In order to gain these advantages, however, it is important to work through the list of disadvantages and to produce procedures and techniques that make them operationally acceptable.
When raw disk is used, raw partitions are supplied to Oracle as a datafile. This means that the entire file, and not just a part of it, must be allocated to Oracle at any one time. In reality, this does not present much of a problem. The physical disk can be sliced into several raw partitions of different sizes.
The size and number of these partitions will vary with database requirements, but the concept maps to all databases. It makes sense to keep the range of partition sizes fairly small in order to make the management simplistic. For example, use allocation sizes of 4GB, 2GB, 1GB, 500MB, and 100MB. This allows quite large tablespaces to be built from a relatively small number of files, and the small ones to be built from small files.
Often the hardest attributes of raw disk to get used to is the inability to use the standard UNIX file utilities such as cp and mv. In reality, a well-configured database system does not require a great deal of file manipulation once it is laid out. If a disk is found to be "hot," a file can still be physically moved by using the dd command to suck the contents out of one partition and put it into a new partition.
When raw devices are used, it also makes sense to work around the naming of typical raw devices. In fact, the naming of the files is one of the major objections most people have to using them. What does /dev/rdsk/c10t5d3s4 mean to anyone, as far as the size and location of the raw device are concerned? Logical volume managers help a little here by providing more user-definable naming conventions, but there are even better ways around this.
The first thing to do after creating all the devices is to make a directory of symbolic links (ln -s). These links should be placed in a common location away from the /dev directory, somewhere near the Oracle codeset. A good convention is to have a root from which all these things happen, such as /opt/oracle. Under this root you can locate the codeset (say, /opt/oracle/oracle815) and the directory containing the symbolic links to the actual raw devices.
Each symbolic link should have a descriptive name, such as "db00_1000M_10_000," which means database set 00, 1000MB slice, RAID 1+0, slice number 000. With a directory called /opt/oracle/SPARE containing all these files, it is very easy to determine the types and numbers of available datafile slices and their RAID characteristics.

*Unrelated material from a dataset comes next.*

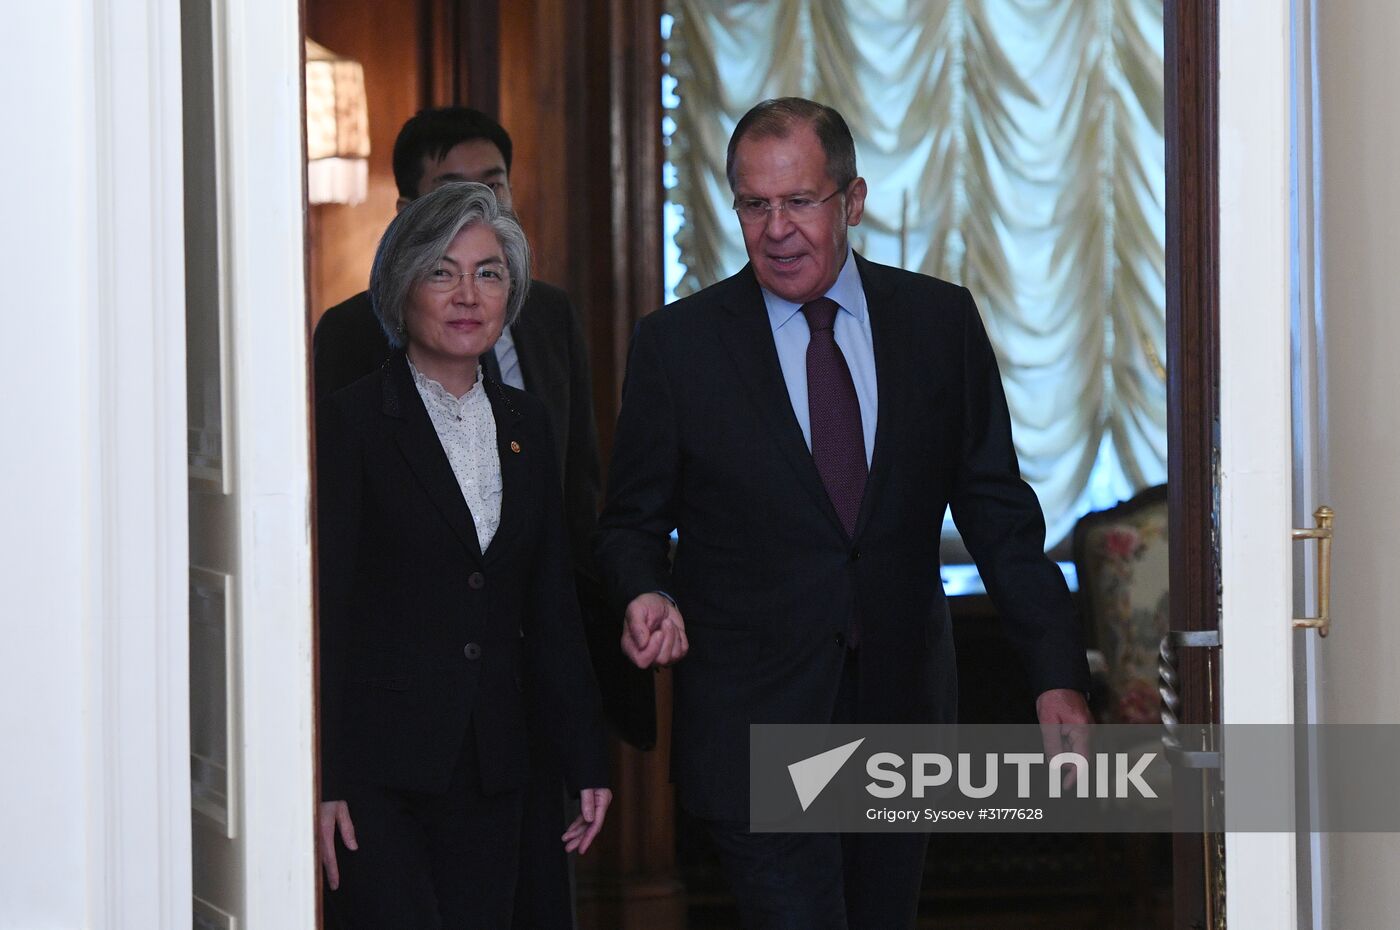 Russian Foreign Minister Sergei Lavrov meets with South Korea's Kang Kyung-wha

At database creation time, make another directory under /opt/oracle to put the used symbolic links in, such as /opt/oracle/PRD1. Creating the database would then go a little like this (assuming that the init.ora has been created and resides in /tmp for now):
For control files, they are ideally located in small pieces of "leftover" disk allocation. These are pieces of disk that represent the 0.1GB of a 9.1GB drive, for example, or remainder disk after rounding the allocations down. It is required that these pieces be on raw disk if OPS is used. Otherwise, it is possible to put the control files in the UNIX filesystem, although it is best to keep all the datafiles in one form or the other (raw or FS).
Backup does not present a great problem in building very large database systems. The reason for this is that you can no longer adequately manage the backup of the database using cpio or tar anyway. For a large database, it is necessary to use a fully featured backup product in order to get software indexed backups, allowing more control over tape identification and faster recovery times. In addition, the bundled archivers do not support features such as parallel tape streaming, which allows much greater backup throughput. This becomes important as the database size becomes very large.

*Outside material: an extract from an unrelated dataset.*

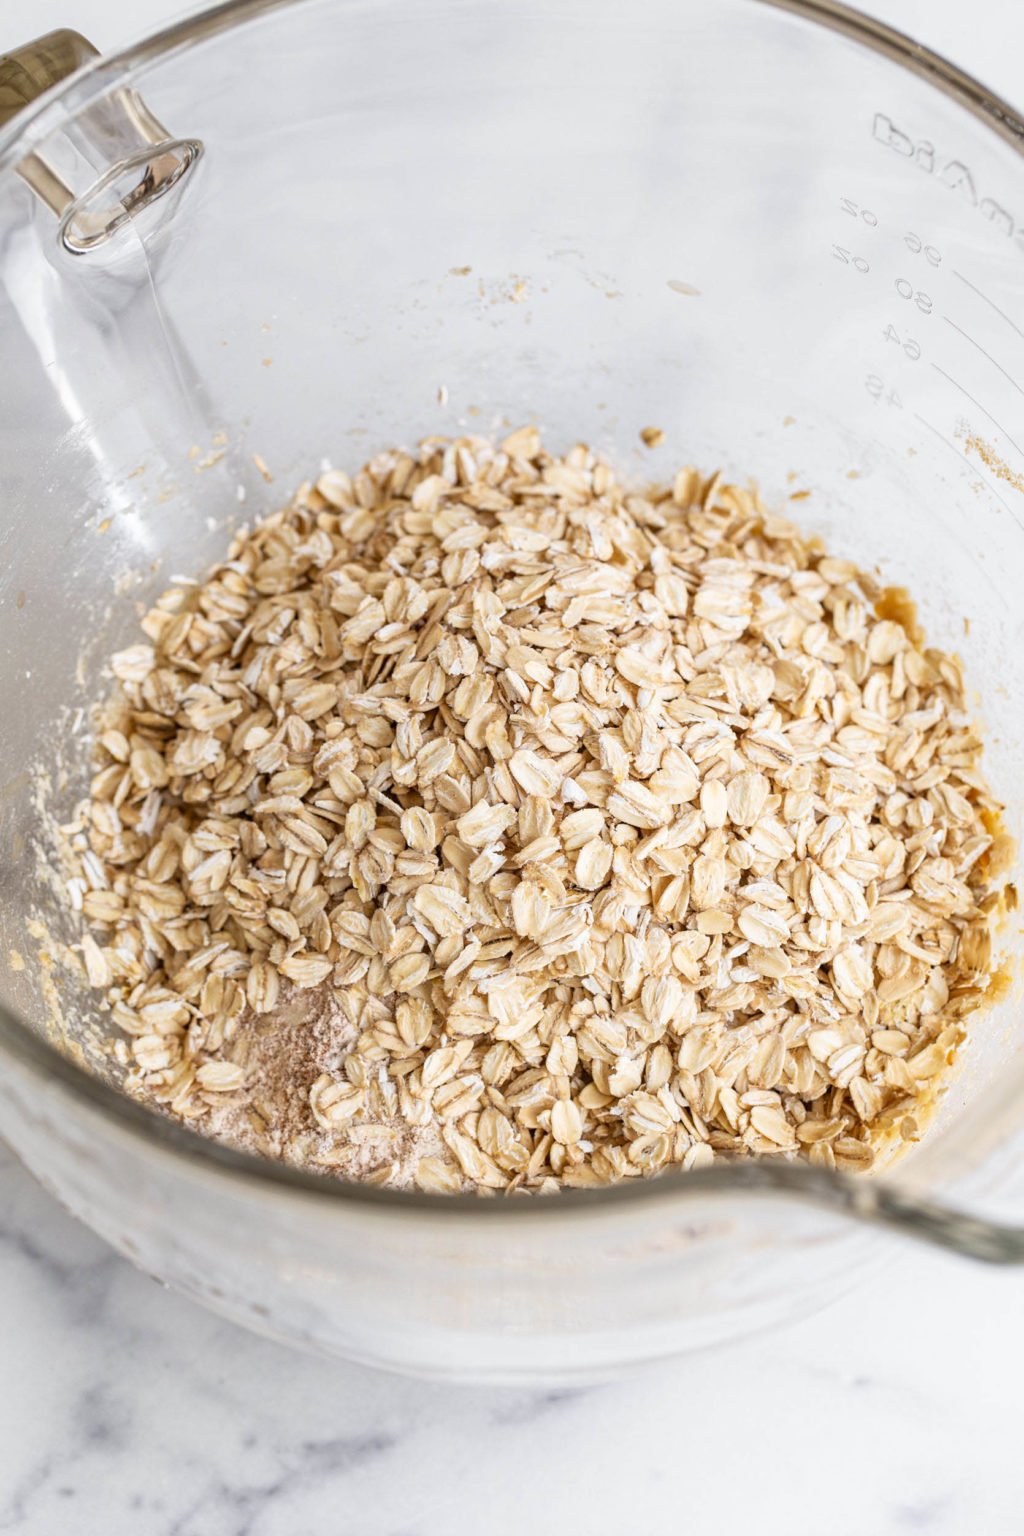 The bowl of a stand mixer is filled with rolled oats.

All of the third-party backup products provide the facility to backup raw disk partitions as easily as filesystems. However, you must ensure that the symbolic link directory also gets backed up on a regular basis, because this is the tie between the location of the files that Oracle expects, and the actual location in /dev.
When the procedures laid out above are used, space management does not present any more problems than a filesystem presents. It is very clear how much space is left for allocation to the database from looking in the SPARE directory. The only thing that is not possible with raw devices is the automatic extension of datafiles, using Oracle.

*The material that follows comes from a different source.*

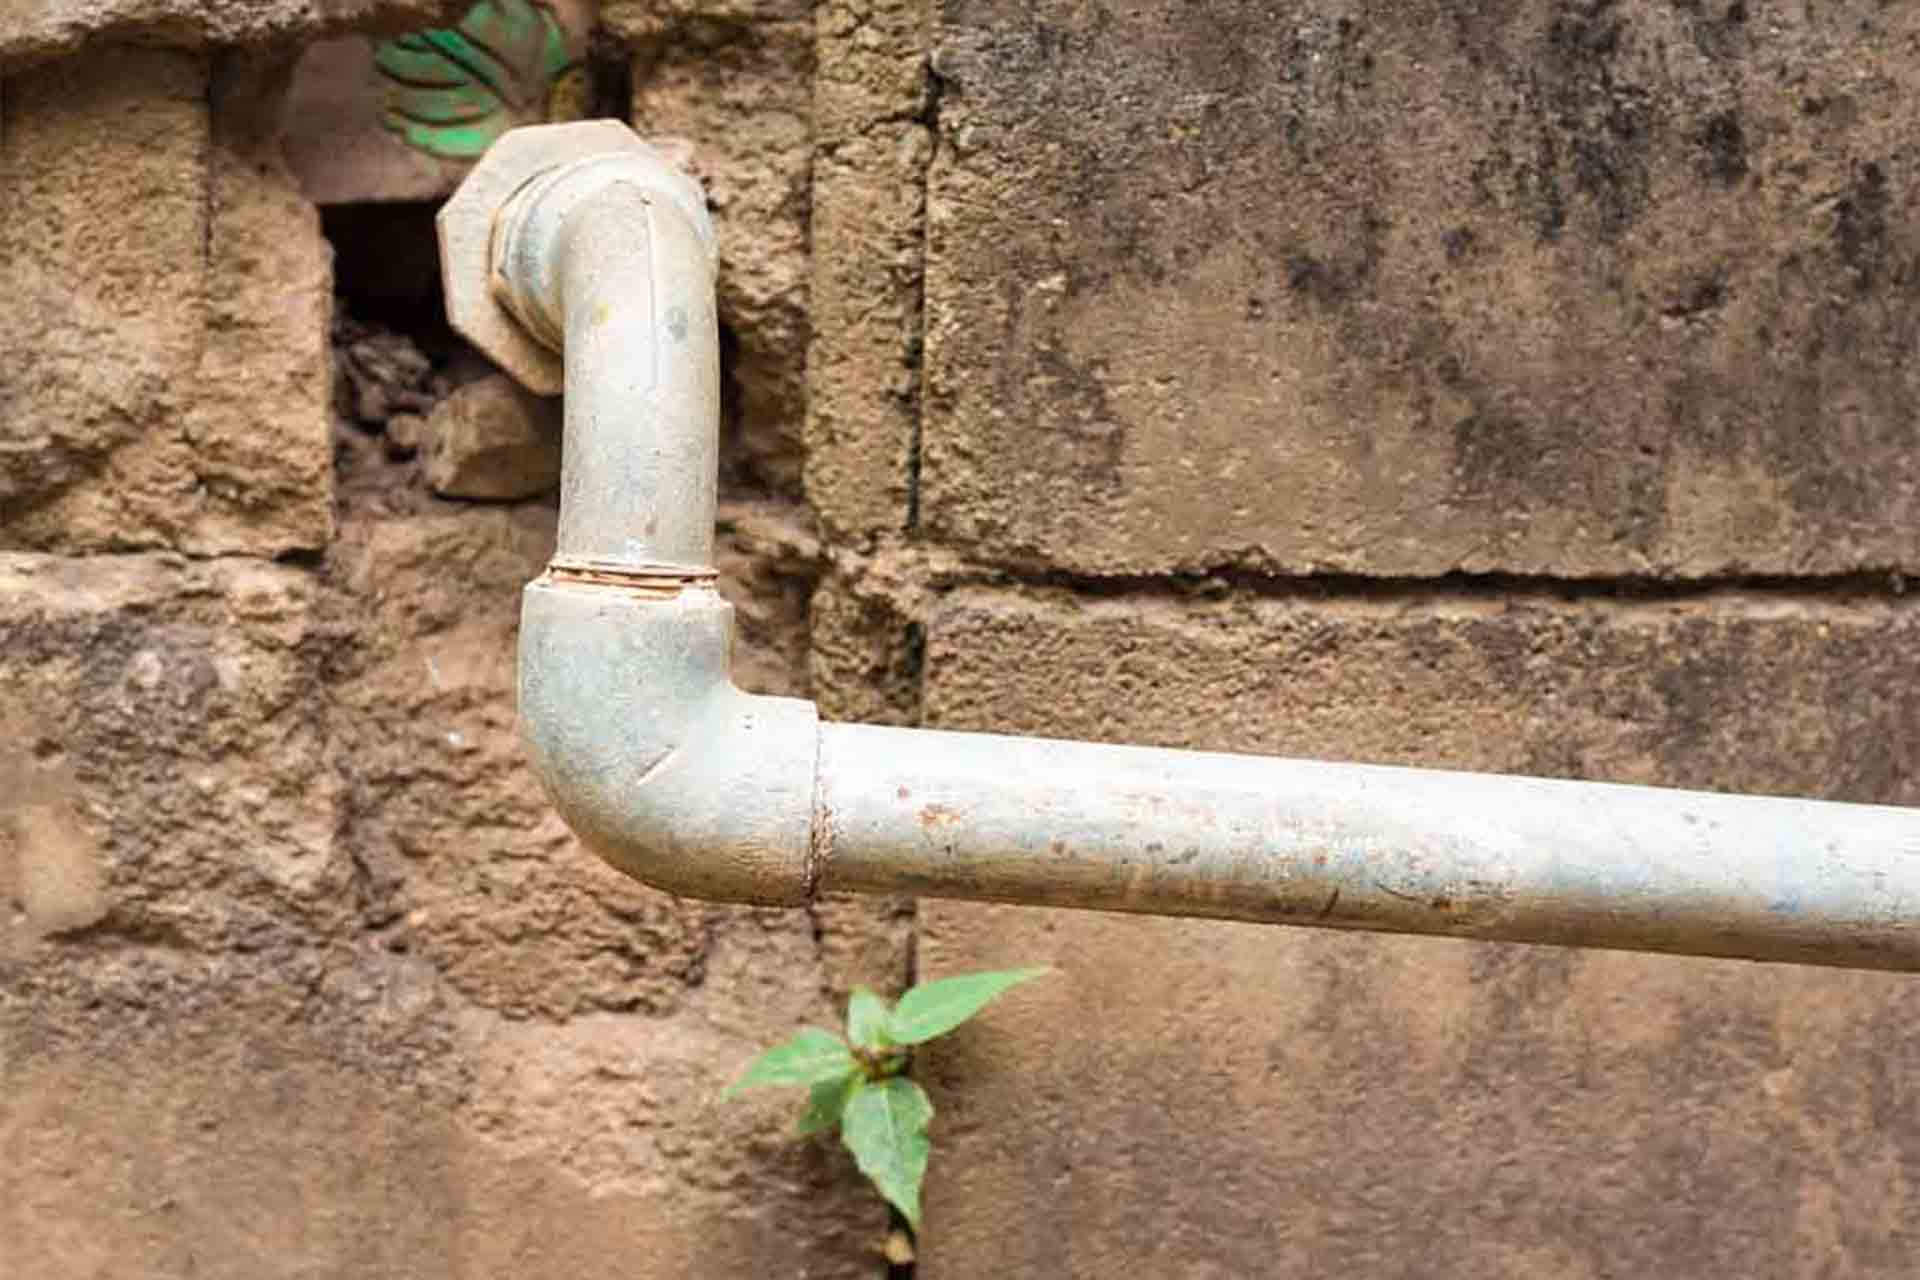 How to Stop a Pipe Leak While You Wait for a Plumber

The debate over the use of filesystems versus the use of raw disk has been raging for years. There are good points and bad points on each side, and it is not clear where the balance lies. Despite this, each has several clear advantages that factor into the decision process.
There are two fundamental problems associated with the use of filesystems. First, the filesystem buffer cache causes slow writes. As this is all that occurs on redo logs during normal operation, this is bad. Second, the single-writer lock imposed on a per-file basis can limit write performance to datafiles.
On the plus side, the files in a filesystem are very visible and easy to interpret and administrate. Nevertheless, when you are dealing with very large datafiles, it is undesirable to be moving 4GB or 8GB files around, so the significance of this advantage is debatable.
The other advantage of using a filesystem is application-specific-the advantage of gaining additional benefit from the filesystem buffer cache. In cache theory terms, the filesystem buffer cache can be viewed as the L2 cache, with the Oracle cache being the L1. It can also be viewed from the perspective of double buffering; there is no difference in speed between the two caches, and so there is no benefit for the frequently used blocks and a fairly significant overhead in managing the same blocks in two caches. With 64-bit Oracle, this advantage is difficult to justify any more; all the memory that would have been in the filesystem cache can now be given to Oracle across all three buffer pools.
Raw disk essentially puts Oracle in the driver's seat as far as I/O is concerned. With the operating system responsible only for communication with the hardware, there is no additional CPU overhead incurred from managing filesystem caches. Raw disk is not subject to any kind of operating system locking and can be used in parallel server configurations.
From a logical perspective, there is no reason why a raw disk database system should ever be slower than a file-system-based system. The only condition under which this could occur would be a deficiency in the Oracle caching algorithms. With a file-system-based database, every miss in the Oracle buffer cache results in a read() system call. This bears a finite cost, as does the subsequent searching and cache management in the filesystem buffer cache. If there still is a miss, the physical read must occur anyway, making the true overhead for the miss twice as bad as it would be in a raw disk system (ignoring the constant cost of the disk read).
If the memory used for the buffer cache were used in the Oracle buffer cache, it is likely that there would be a hit in the Oracle cache layer, eliminating the additional system call for the filesystem logical read.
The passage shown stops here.